I’m sliding them into the slots in the HP Proliant gen8 microserver. I’m not sure how else to describe it. This isn’t some sketchy/cheap sata multiplexer off eBay or aliexpress if that’s what you’re getting at.

I’ve read the resources linked but I don’t see/understand anything actionable there. The only thing I can think to try is to install TrueNAS core and see if that works better.
 

NickF

Guru
Joined
Jun 12, 2014
Messages
763
There’s a bunch of semi interesting things here. Can you PM me a debug from both source and destination systems ? and provide a brief summary of where you are now..what you tried recently…that kind of thing.

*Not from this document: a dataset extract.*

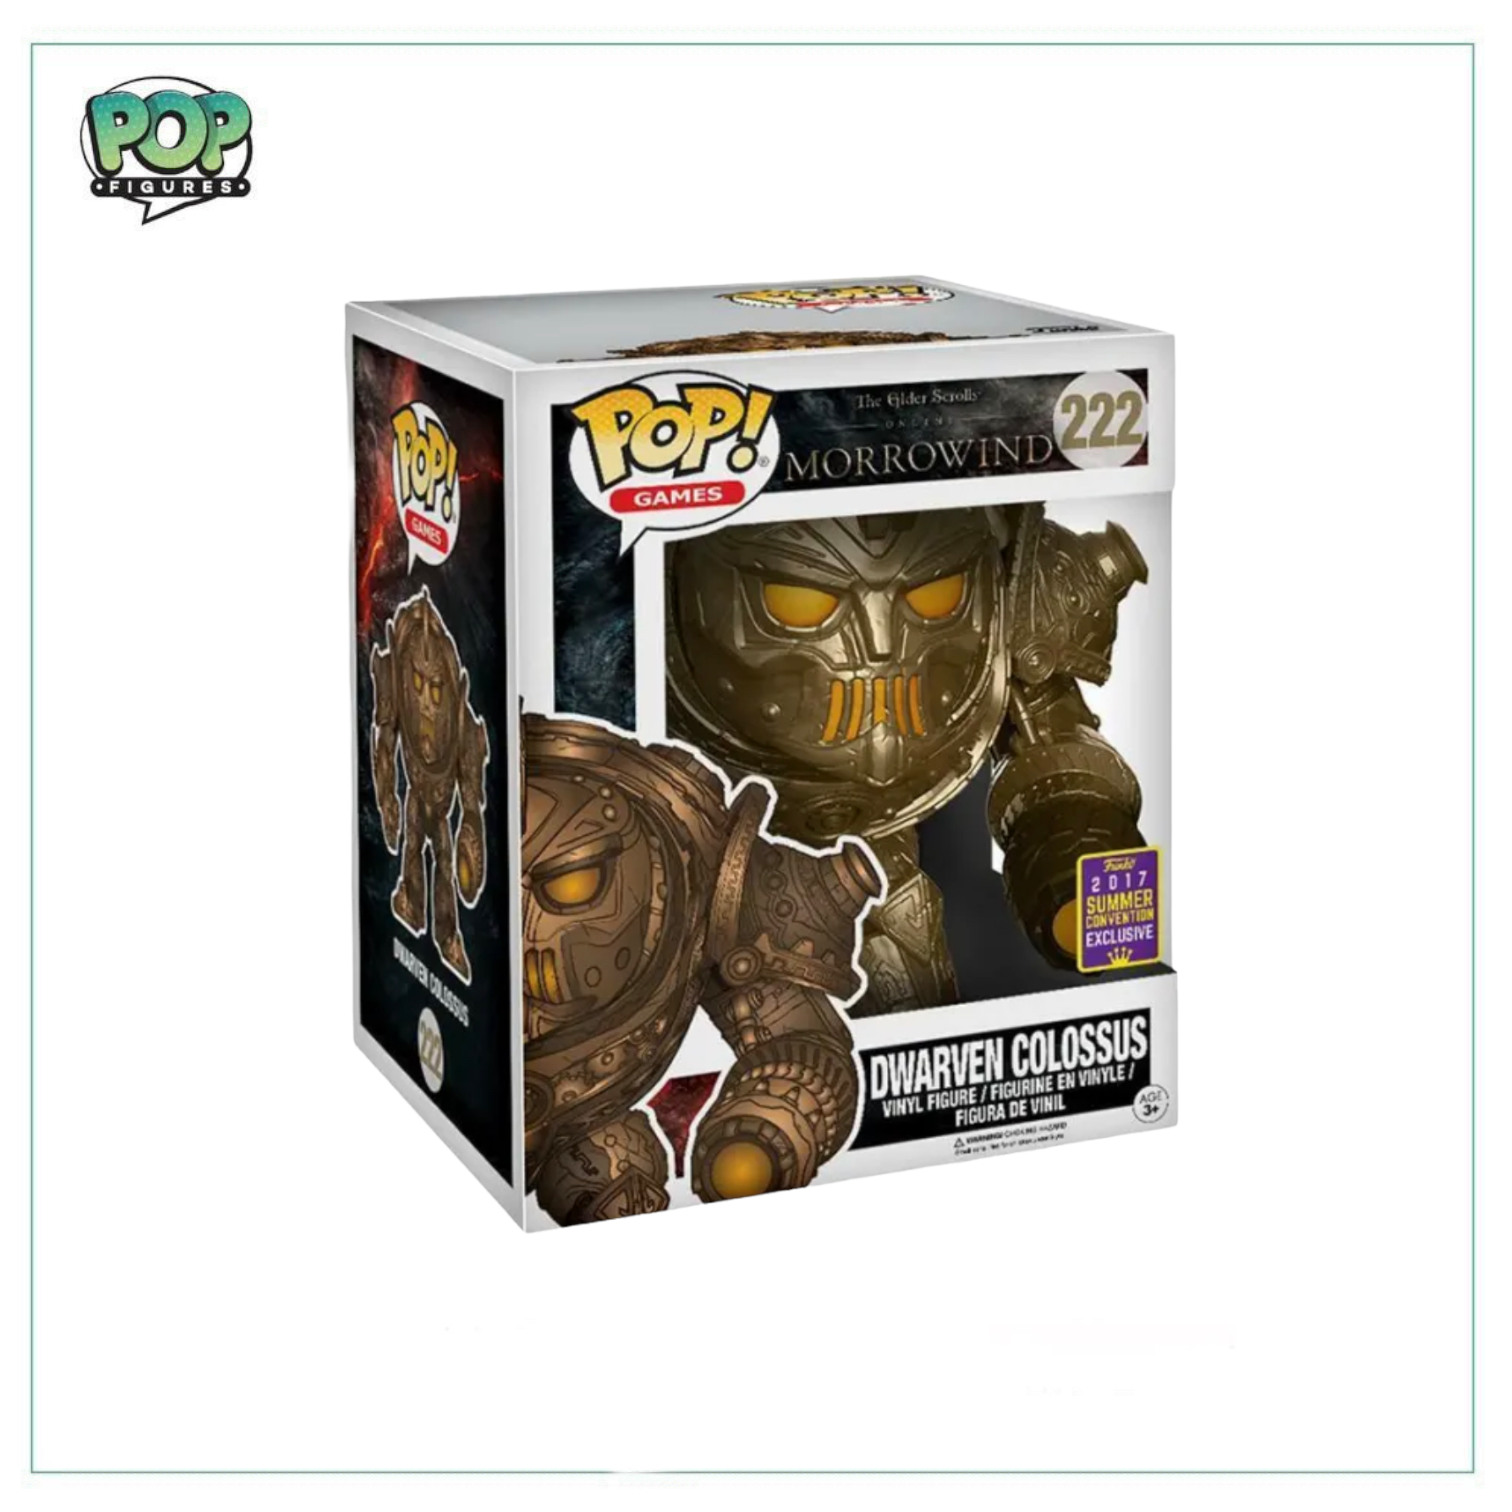 Dwarven Colossus #222 Deluxe Funko Pop! Morrowind - 2017 SDCC Shared Exclusive - Angry Cat

I need some more context here but I’m happy to help
 

aklibisz

Dabbler
Joined
Aug 23, 2023
Messages
13
Thanks!
Can you PM me a debug from both source and destination systems ? and provide a brief summary of where you are now?
What it a "debug" in this case? once I know that, I can DM it to you.

I've actually just installed core, and I'm planning to re-configure and try these tests:
  1. cp the TrueNAS ISO from the boot SSD to the dataset
  2. scp the TrueNAS ISO from macos to the boot SSD
  3. scp the TrueNAS ISO from macos to the dataset
  4. cp the TrueNAS ISO from macos to the dataset, mounted via SMB
 

NickF

Guru
Joined
Jun 12, 2014
Messages
763
Thanks!

What it a "debug" in this case? once I know that, I can DM it to you.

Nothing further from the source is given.